> TASK STATEMENT
The line containing "Marktstand mit Obst" and each line after it, through the final line of the data, are to be retyped exactly, with pictures left out.

> DATASET CONTENT
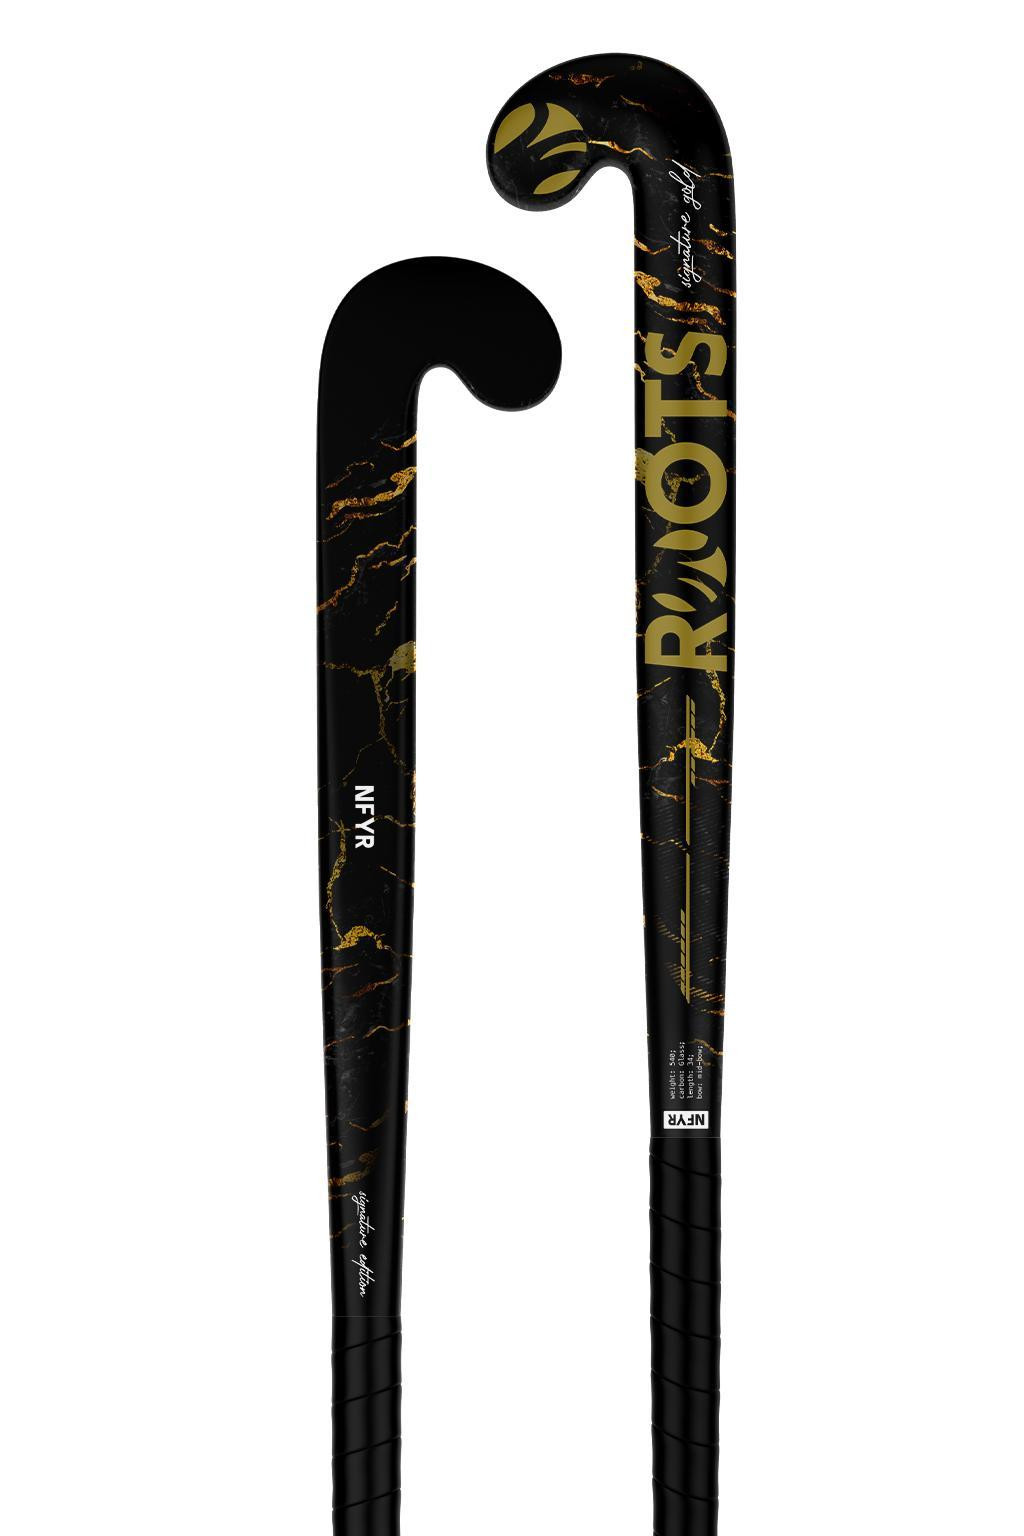 Hockeystick Signature Wood Series Black Amber
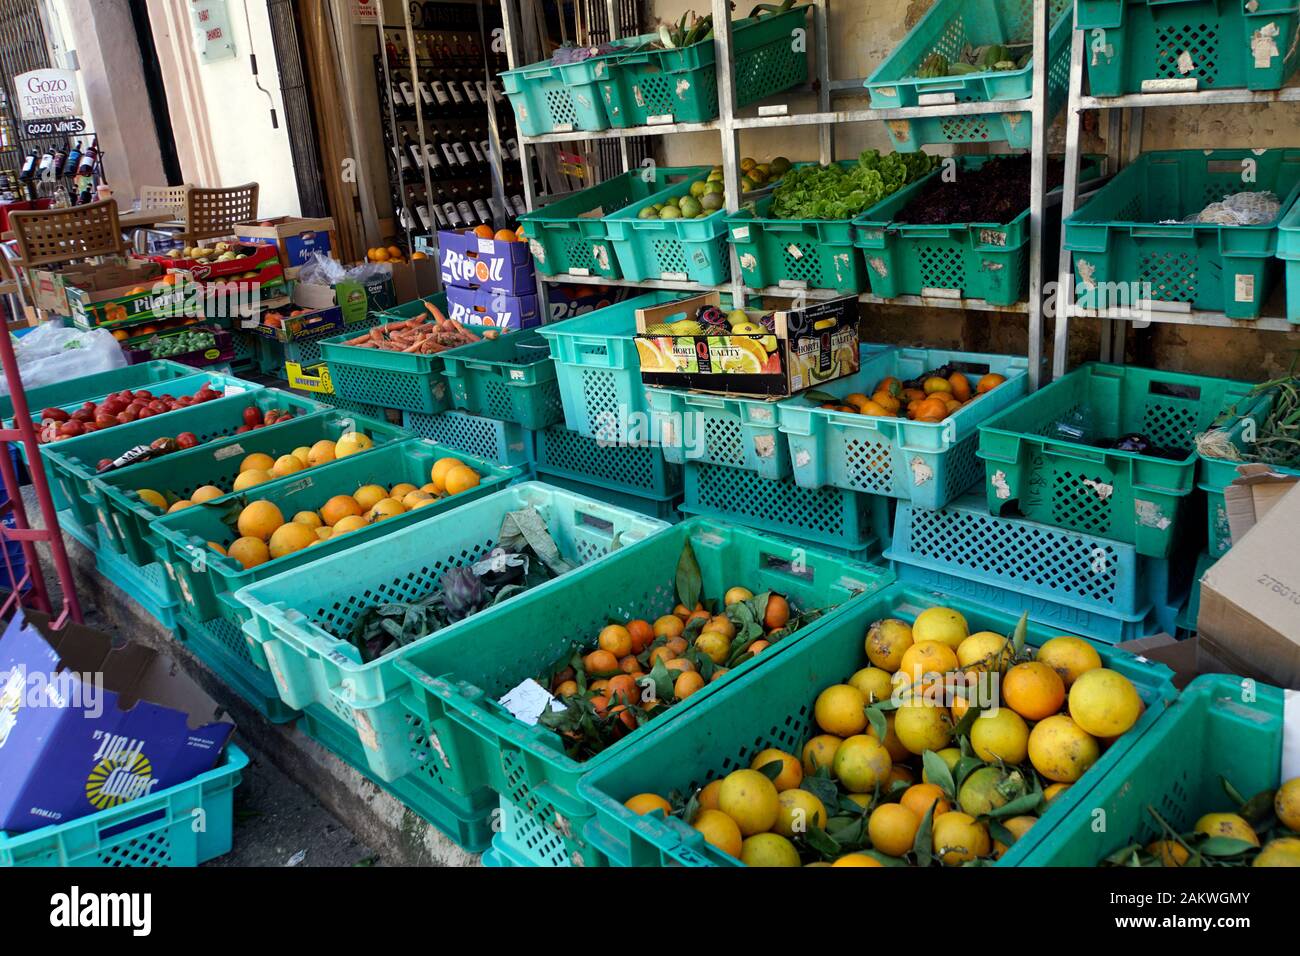 Marktstand mit Obst und Gemüse aus heimischer Landwirtschaft, Victoria, maltesisch Ir-Rabat Ghawdex, Gozo, Malta Stock Photo
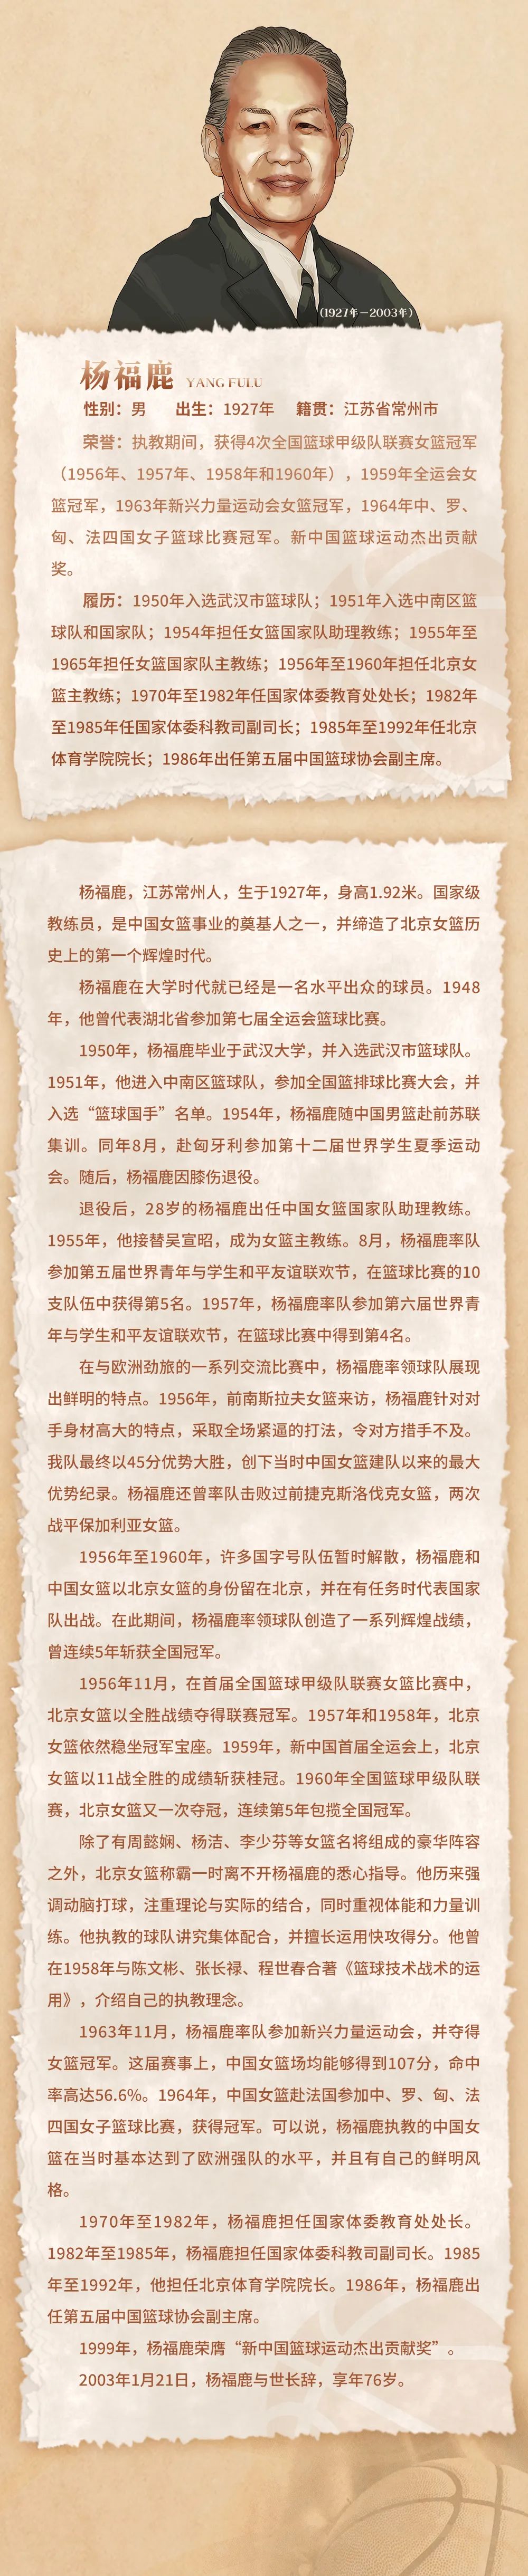 中国名人堂 | 特别致敬人物之杨福鹿：中国女篮事业奠基人

> RESPONSE TO THE EXERCISE
 Marktstand mit Obst und Gemüse aus heimischer Landwirtschaft, Victoria, maltesisch Ir-Rabat Ghawdex, Gozo, Malta Stock Photo
 中国名人堂 | 特别致敬人物之杨福鹿：中国女篮事业奠基人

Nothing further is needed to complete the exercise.